Reklama

Szczypiorniak nie zapadł w zimowy sen

W Austrii od 19 do 31 stycznia będą miały miejsce IX Mistrzostwa Europy w Piłce Ręcznej Mężczyzn. W finałach zagra 16 zespołów. Wśród nich jest i miejsce dla Polski

Bądź na bieżąco!

Zapisz się do newslettera

Mistrzostwa Europy rozgrywane są co 2 lata od 1994 r. Biorą w nich udział najlepsze reprezentacje krajowe w piłce ręcznej. Po raz pierwszy rozegrano je w Portugalii. Od 2000 r. turniej organizowany jest zwyczajowo w styczniu lub na przełomie stycznia i lutego. Najwięcej złotych medali ma na swoim koncie Szwecja (4).
Jeśli chodzi o naszych, to w Szwecji (2002) zajęliśmy 15. miejsce, w Słowenii (2004) uzyskaliśmy 16. lokatę, w Szwajcarii (2006) zaś 10. pozycję, a w Danii (2008) 7. miejsce.

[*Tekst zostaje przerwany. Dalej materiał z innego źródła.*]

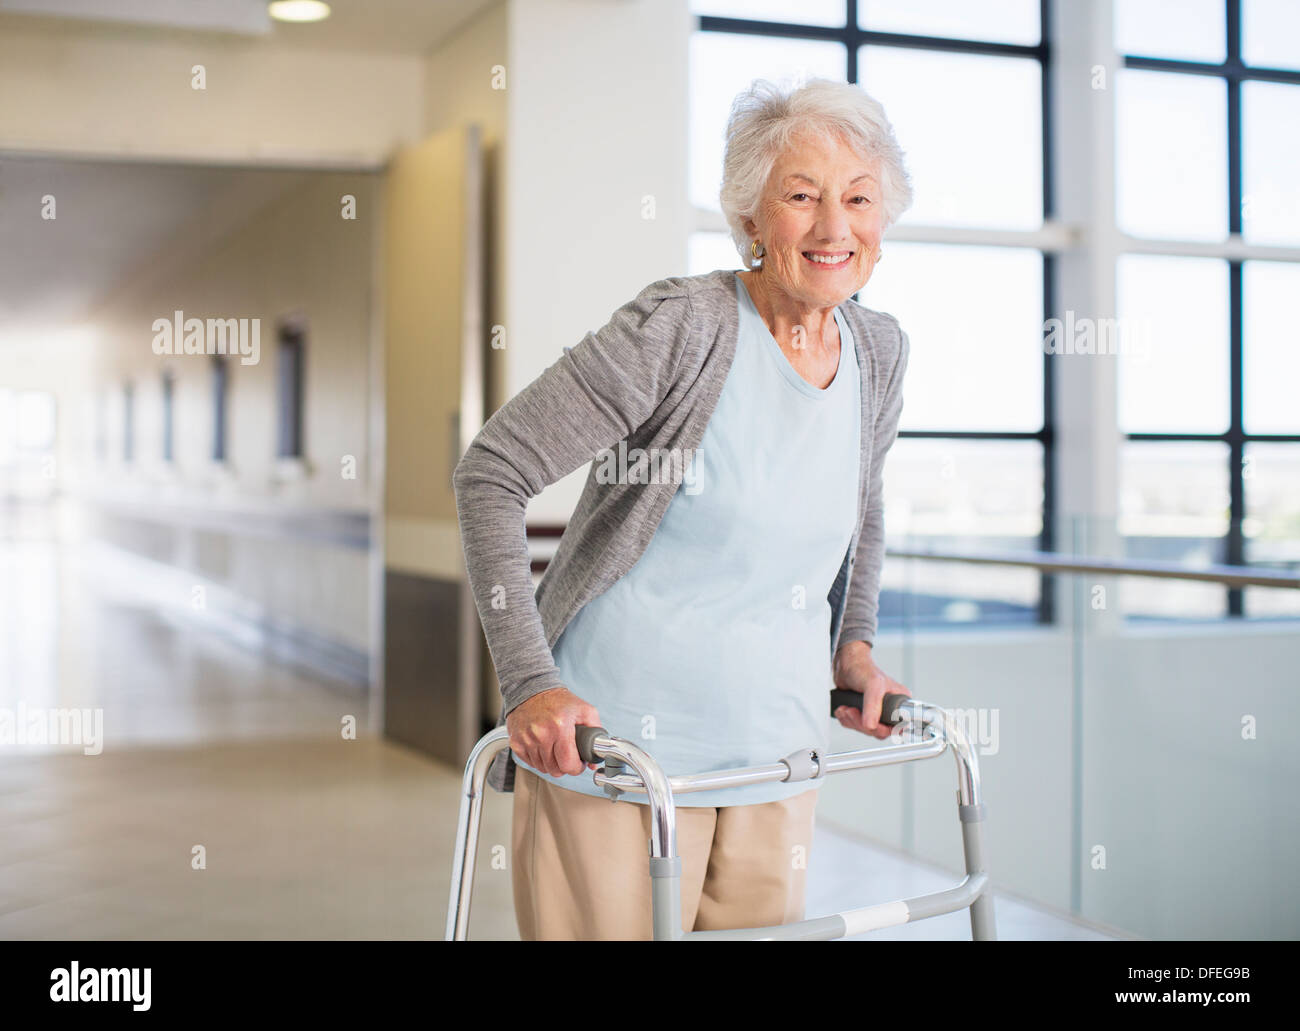 Senior patient using walker in hospital Stock Photo

Innymi słowy, reprezentacja Polski czterokrotnie zakwalifikowała się do tej imprezy (pomijam tegoroczny turniej). Pierwszy mecz jednak wygraliśmy dopiero… w 2006 r. przeciwko Ukrainie.
W Austrii zagra 16 narodowych teamów podzielonych na cztery grupy. 14 zespołów uzyskało awans po rozegraniu kwalifikacji. Dołączyli do nich: obrońca tytułu - Dania oraz gospodarz - Austria (pierwszy raz na imprezie tej rangi). Runda wstępna Euro 2010 ma miejsce w Grazu, Linzu, Innsbrucku i Wiener Neustadt. Runda zasadnicza zaś odbędzie się w Wiedniu i Innsbrucku. Finały natomiast zostaną rozegrane w stolicy Austrii.
Jakie są szanse naszych? Pod wodzą Bogdana Wenty (więcej na jego temat zob. np. moje teksty zamieszczone w „Niedzieli” 07/2007 i 04/2009) jesteśmy w stanie wygrać z najlepszymi, co już nie raz udowodniliśmy. Wystarczy przypomnieć złoty medal za 1. miejsce w Superpucharze w 2007 r., kiedy to pokonaliśmy Szwedów 27:26. Warto wiedzieć, że Superpuchar jest bardzo prestiżowym turniejem. Biorą w nim udział medaliści olimpijscy, mistrzostw świata i Europy. Rozgrywany zaś jest on w Niemczech co dwa lata od 1979 r. Inne nasze sukcesy: brązowy medal olimpijski w 1976 r., brąz mundialu w 1982 r., srebro sprzed dwóch lat oraz brąz sprzed roku. Innymi słowy, na pewno nie jesteśmy bez szans, choć w Austrii grają najlepsi z najlepszych na Starym Kontynencie. Nasza grupa należy zaś do najsilniejszych (zestawienie zob. obok). Ostatnim sprawdzianem naszej ekipy przed Euro 2010 był towarzyski turniej w Wiener Neustadt (od 7 do 9 stycznia), gdzie graliśmy z Austrią, Węgrami i Chorwacją (niniejszy tekst został oddany do druku przed jego zakończeniem).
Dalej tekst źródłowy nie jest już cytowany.